MAIN RESULTS AND THE ROLE OF CHANCE

The average mitochondrial membrane potential in fresh oocytes was significantly higher than that in aged oocytes (P < 0.05). The average oxygen consumption rate in aged oocytes was significantly lower than that in fresh oocytes (P < 0.05). Although total TFAM expression was unchanged, its colocalization with mitochondria decreased in aged oocytes. IVF and blastocyst formation rates for mitochondrion-injected aged oocytes were not significantly different from those for buffer-injected aged oocytes.

LARGE SCALE DATA

Not applicable.

LIMITATIONS, REASONS FOR CAUTION

A limitation of this study is that we did not examine the effects of microinjecting mitochondria from other somatic cell types into aged oocytes on their fertilization and embryonic development rates.

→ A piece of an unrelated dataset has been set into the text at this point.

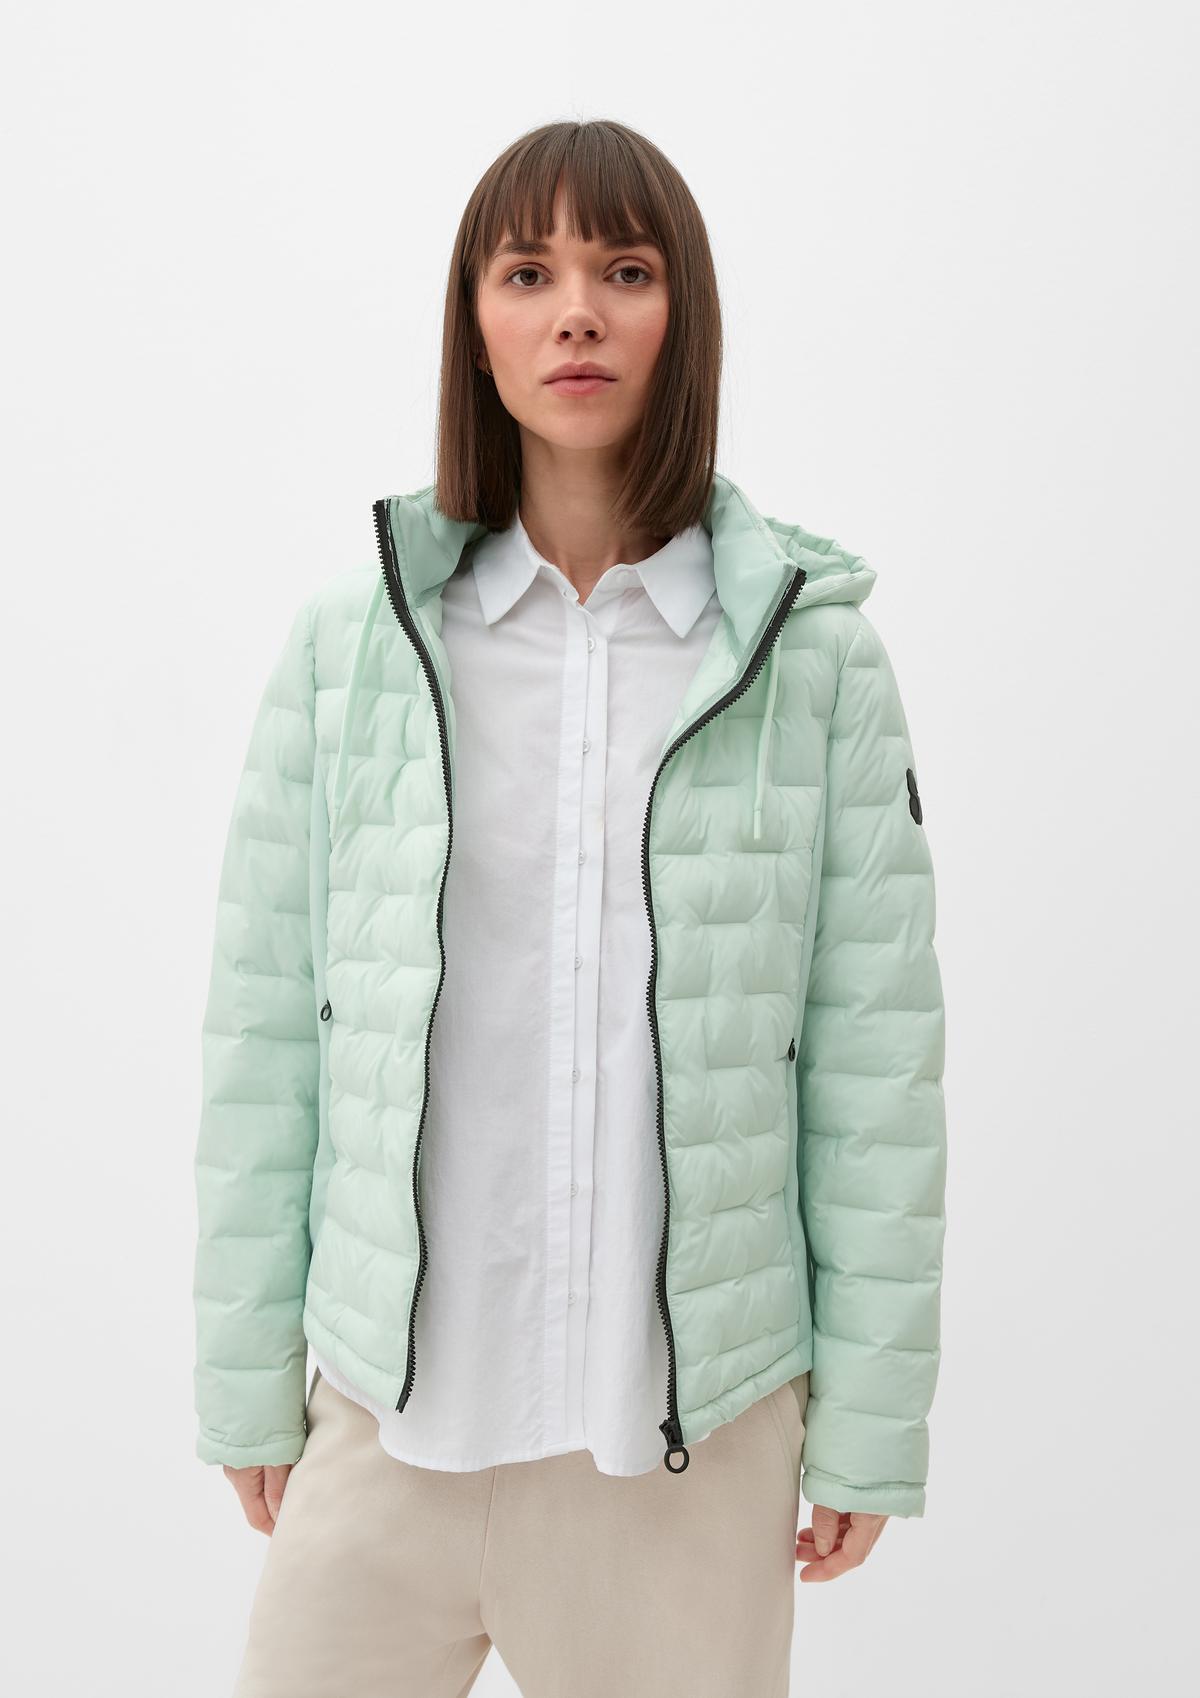 in mix offwhite - outdoor materials Padded of jacket a

WIDER IMPLICATIONS OF THE FINDINGS

The results from the present study showed that poor embryonic development was associated with impairment of mitochondrial functions in in vivo-aged oocytes. However, the microinjection of mitochondria from liver cells did not improve the low fertilization and embryonic development rates of aged oocytes. It remains to be demonstrated whether oocyte quality can be rescued by the transfer of cytosolic factors or cellular organelles, such as the endoplasmic reticulum or mitochondria, from specific cell types.

STUDY FUNDING/COMPETING INTEREST(S)

This study was supported by Grants-in-Aid for General Science Research to Toshifumi Takahashi (No. 25462550) and Hideki Igarashi (No. 26462474). The funding source played no role in study design in the collection, analysis, and interpretation of data; in the writing of the report; and in the decision to submit the article for publication. The authors have no conflict of interest to disclose.